**WORK INSTRUCTION:**
What follows is a set of records; repeat all of them exactly.

::: THE DATA

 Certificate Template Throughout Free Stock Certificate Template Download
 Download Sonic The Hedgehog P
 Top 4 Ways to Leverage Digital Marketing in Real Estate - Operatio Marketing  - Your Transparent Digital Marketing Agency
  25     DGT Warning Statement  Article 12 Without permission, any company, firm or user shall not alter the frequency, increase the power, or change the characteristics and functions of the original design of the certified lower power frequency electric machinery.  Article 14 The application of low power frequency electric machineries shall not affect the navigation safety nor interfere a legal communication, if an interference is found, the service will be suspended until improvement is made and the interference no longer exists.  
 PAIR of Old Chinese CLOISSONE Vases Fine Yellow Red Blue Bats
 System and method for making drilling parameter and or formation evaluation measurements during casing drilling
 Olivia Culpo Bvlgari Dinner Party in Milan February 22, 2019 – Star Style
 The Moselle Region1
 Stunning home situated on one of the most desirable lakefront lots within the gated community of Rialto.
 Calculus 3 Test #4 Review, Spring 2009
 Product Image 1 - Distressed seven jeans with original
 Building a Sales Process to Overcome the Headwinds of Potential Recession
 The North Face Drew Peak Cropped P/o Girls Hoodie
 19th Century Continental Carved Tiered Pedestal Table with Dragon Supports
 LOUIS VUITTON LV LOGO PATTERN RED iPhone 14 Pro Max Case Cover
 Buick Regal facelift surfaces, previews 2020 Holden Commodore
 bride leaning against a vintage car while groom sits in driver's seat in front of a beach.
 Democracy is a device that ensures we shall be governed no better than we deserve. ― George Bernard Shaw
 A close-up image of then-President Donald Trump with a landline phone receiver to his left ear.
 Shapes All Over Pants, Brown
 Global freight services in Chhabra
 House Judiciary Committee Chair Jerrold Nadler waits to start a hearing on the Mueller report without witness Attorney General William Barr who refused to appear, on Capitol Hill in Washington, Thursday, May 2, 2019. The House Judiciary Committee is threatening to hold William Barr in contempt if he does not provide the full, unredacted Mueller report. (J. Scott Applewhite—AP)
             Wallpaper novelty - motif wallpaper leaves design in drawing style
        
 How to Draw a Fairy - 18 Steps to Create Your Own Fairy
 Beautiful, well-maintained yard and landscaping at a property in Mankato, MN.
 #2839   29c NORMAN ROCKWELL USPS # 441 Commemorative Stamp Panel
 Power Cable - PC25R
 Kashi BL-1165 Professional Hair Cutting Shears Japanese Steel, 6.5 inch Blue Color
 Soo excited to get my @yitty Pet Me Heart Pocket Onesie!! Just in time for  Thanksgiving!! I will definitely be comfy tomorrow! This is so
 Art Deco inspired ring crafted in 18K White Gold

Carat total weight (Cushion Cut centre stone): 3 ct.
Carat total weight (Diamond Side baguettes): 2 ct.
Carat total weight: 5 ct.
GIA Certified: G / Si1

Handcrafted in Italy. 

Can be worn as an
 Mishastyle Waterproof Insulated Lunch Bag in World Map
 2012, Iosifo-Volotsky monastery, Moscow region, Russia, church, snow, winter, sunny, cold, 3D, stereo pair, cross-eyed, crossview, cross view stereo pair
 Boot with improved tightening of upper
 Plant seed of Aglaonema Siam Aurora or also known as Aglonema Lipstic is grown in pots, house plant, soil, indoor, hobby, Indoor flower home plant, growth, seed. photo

::::::

**OUTPUT FOR THIS TASK:**
 Certificate Template Throughout Free Stock Certificate Template Download
 Download Sonic The Hedgehog P
 Top 4 Ways to Leverage Digital Marketing in Real Estate - Operatio Marketing  - Your Transparent Digital Marketing Agency
  25     DGT Warning Statement  Article 12 Without permission, any company, firm or user shall not alter the frequency, increase the power, or change the characteristics and functions of the original design of the certified lower power frequency electric machinery.  Article 14 The application of low power frequency electric machineries shall not affect the navigation safety nor interfere a legal communication, if an interference is found, the service will be suspended until improvement is made and the interference no longer exists.  
 PAIR of Old Chinese CLOISSONE Vases Fine Yellow Red Blue Bats
 System and method for making drilling parameter and or formation evaluation measurements during casing drilling
 Olivia Culpo Bvlgari Dinner Party in Milan February 22, 2019 – Star Style
 The Moselle Region1
 Stunning home situated on one of the most desirable lakefront lots within the gated community of Rialto.
 Calculus 3 Test #4 Review, Spring 2009
 Product Image 1 - Distressed seven jeans with original
 Building a Sales Process to Overcome the Headwinds of Potential Recession
 The North Face Drew Peak Cropped P/o Girls Hoodie
 19th Century Continental Carved Tiered Pedestal Table with Dragon Supports
 LOUIS VUITTON LV LOGO PATTERN RED iPhone 14 Pro Max Case Cover
 Buick Regal facelift surfaces, previews 2020 Holden Commodore
 bride leaning against a vintage car while groom sits in driver's seat in front of a beach.
 Democracy is a device that ensures we shall be governed no better than we deserve. ― George Bernard Shaw
 A close-up image of then-President Donald Trump with a landline phone receiver to his left ear.
 Shapes All Over Pants, Brown
 Global freight services in Chhabra
 House Judiciary Committee Chair Jerrold Nadler waits to start a hearing on the Mueller report without witness Attorney General William Barr who refused to appear, on Capitol Hill in Washington, Thursday, May 2, 2019. The House Judiciary Committee is threatening to hold William Barr in contempt if he does not provide the full, unredacted Mueller report. (J. Scott Applewhite—AP)
             Wallpaper novelty - motif wallpaper leaves design in drawing style
        
 How to Draw a Fairy - 18 Steps to Create Your Own Fairy
 Beautiful, well-maintained yard and landscaping at a property in Mankato, MN.
 #2839   29c NORMAN ROCKWELL USPS # 441 Commemorative Stamp Panel
 Power Cable - PC25R
 Kashi BL-1165 Professional Hair Cutting Shears Japanese Steel, 6.5 inch Blue Color
 Soo excited to get my @yitty Pet Me Heart Pocket Onesie!! Just in time for  Thanksgiving!! I will definitely be comfy tomorrow! This is so
 Art Deco inspired ring crafted in 18K White Gold

Carat total weight (Cushion Cut centre stone): 3 ct.
Carat total weight (Diamond Side baguettes): 2 ct.
Carat total weight: 5 ct.
GIA Certified: G / Si1

Handcrafted in Italy. 

Can be worn as an
 Mishastyle Waterproof Insulated Lunch Bag in World Map
 2012, Iosifo-Volotsky monastery, Moscow region, Russia, church, snow, winter, sunny, cold, 3D, stereo pair, cross-eyed, crossview, cross view stereo pair
 Boot with improved tightening of upper
 Plant seed of Aglaonema Siam Aurora or also known as Aglonema Lipstic is grown in pots, house plant, soil, indoor, hobby, Indoor flower home plant, growth, seed. photo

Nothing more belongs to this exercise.